Nestkamera Kreis Lippe - Deutschland

Der Wettlauf ums Nest - „Wer zuerst kommt legt zuerst“

Mit Ende Februar beginnt die Migration der Rotmilane, die zum Überwintern in den Süden geflogen sind, zurück in ihre Brutgebiete. Jetzt heißt es das passende Nest zu finden, wohlmöglich auch das gleiche Nest vom Vorjahr, es etwas ausbauen und mit dem passenden Partner anfangen zu brüten.

Aber was genau geschieht am Nest, wer kommt zu Besuch und vor allem, wird es eine erfolgreiche Brut?
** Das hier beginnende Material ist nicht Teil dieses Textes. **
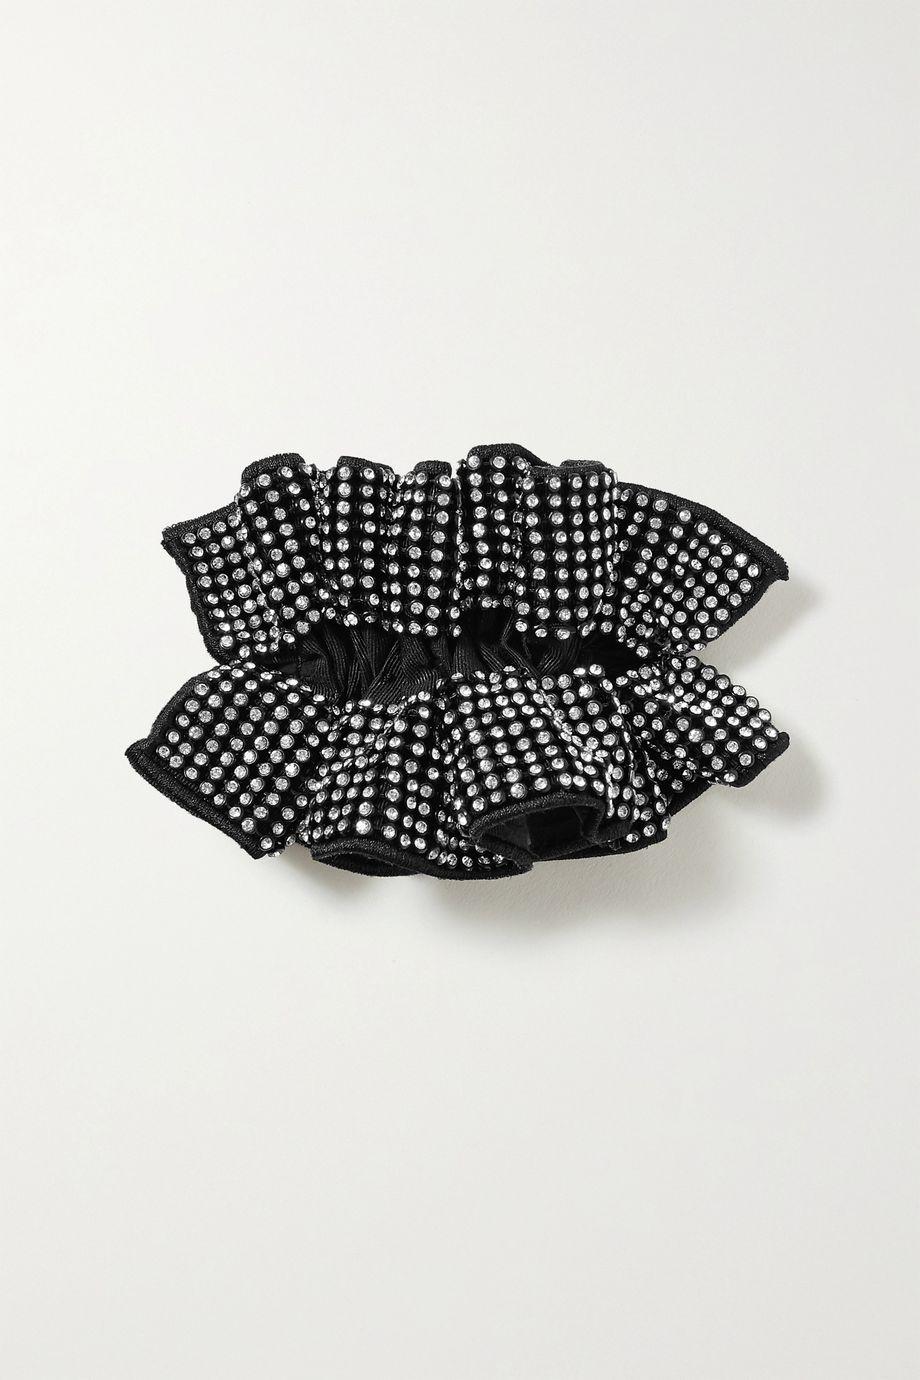 Loeffler Randall Luna ruffled crystal-embellished grosgrain hair clip
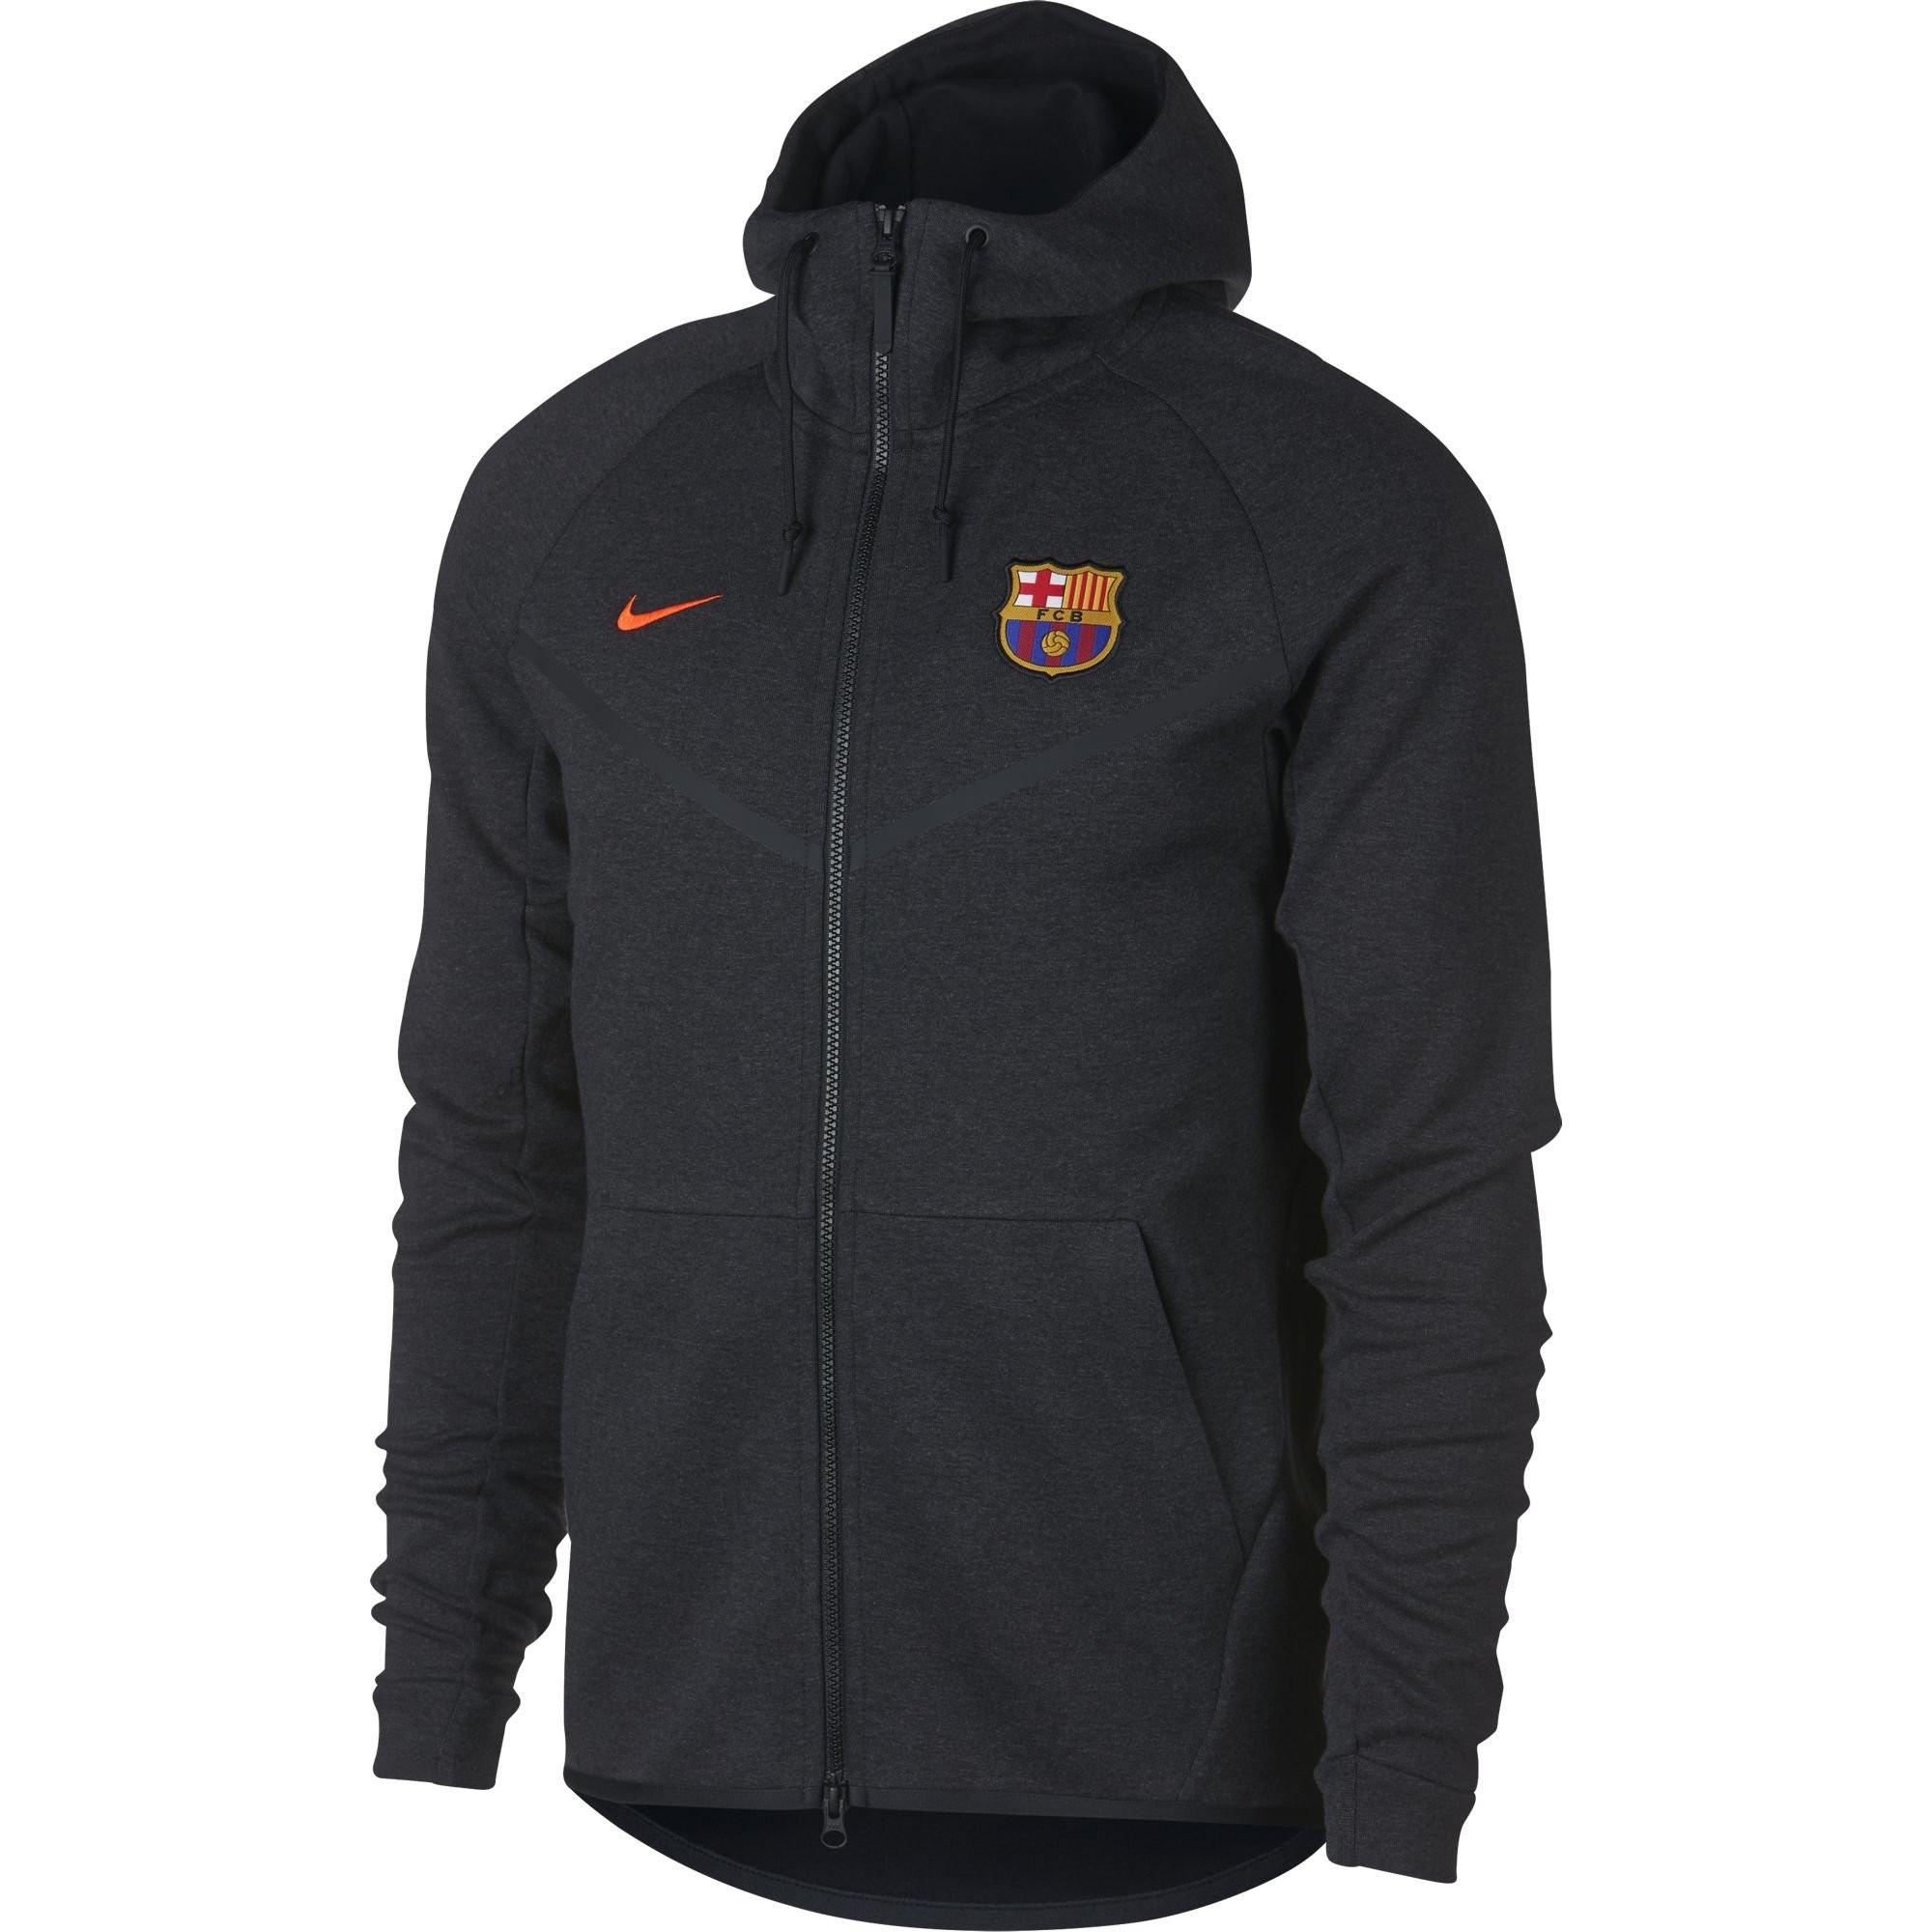 Barcelone Nike Fleece 20172018 Noir Veste Jkt Rayon Tech aUdqwUf

Mit Hilfe einer kleinen Kamera ist es möglich diese Fragen zum Teil zu beantworten. Und genau damit beginnt die Geschichte eines Nestes in Nordrhein-Westfalen im Kreis Lippe.

Das LIFE EUROKITE Projekt wurde von Mitarbeitern der Universität Bielefeld kontaktiert, mit dem Hintergrund, dass ein besenderter Rotmilan im Jahr 2021 in der Nähe gebrütet hat. Da Rotmilane häufig dasselbe Nest in den Folgejahren nutzen, wurde die Hoffnung geweckt, dass der besenderte Rotmilan auch im Jahr 2022 in diesem Nest wieder brüten. So wurde entschlossen eine Kamera an diesem Nest zu installieren.

Besenderung des Rotmilans

Das besenderte Rotmilanweibchen „Valencia“ wurde bereits im Jahr 2019 in Spanien in der Wildtierstation von AMUS besendert, nachdem sie mit Vergiftungserscheinungen gefunden und wieder gesund gepflegt wurde. Zusammen mit Duncan Orr-Ewing (RSPB), Richard Saunders (National Wildlife authority UK, Natural England) und dem Bürgermeister Manuel Naharro von Valencia del Mombuey wurde Valencia am 29. November 2019 wieder freigelassen. Ursprünglich kommt Valencia wohl aus Deutschland, denn schon bald startete Sie die Rückreise ins Brutgebiet im Kreis Lippe, wo sie die Brutzeit verbrachte. Den Winter verbrachte Valencia wieder im Süden Spaniens.


Besenderung und Freilassung von Valencia im November 2019 in Spanien (Extremadura) © AMUS

Die Nestkamera

Die untere Naturschutzbehörde und die Lippischen Rotmilanfreunde haben am 11.02.2022 eine Funkwildkamera der Firma Seissiger an dem im letzten Jahr besetzten Rotmilanhorst angebracht. Hierdurch erhoffen sich alle Beteiligte, mehr über das besenderte Weibchen und dessen Partner zu erfahren.


Installation der Funkwildkamera der Firma Seissiger am Rotmilanhorst © Kreis Lippe

Und somit begann der Wettlauf um das Nest

Nester vom Vorjahr sind nicht nur bei Rotmilanen beliebt, sondern werden oftmals auch von anderen Arten genutzt, ganz nach dem Motto „wer zuerst kommt, malt zuerst bzw. legt zuerst“. Wir waren also gespannt, wann sich Valencia wohl zurück in die Heimat macht und ob sie rechtzeitig am Nest ankommt, oder sich für einen anderen Brutplatz entscheiden wird? Zum Zeitpunkt der Kamerainstallation gab es noch keine Anzeichen, dass sich Valencia auf den Weg in das Brutgebiet machte.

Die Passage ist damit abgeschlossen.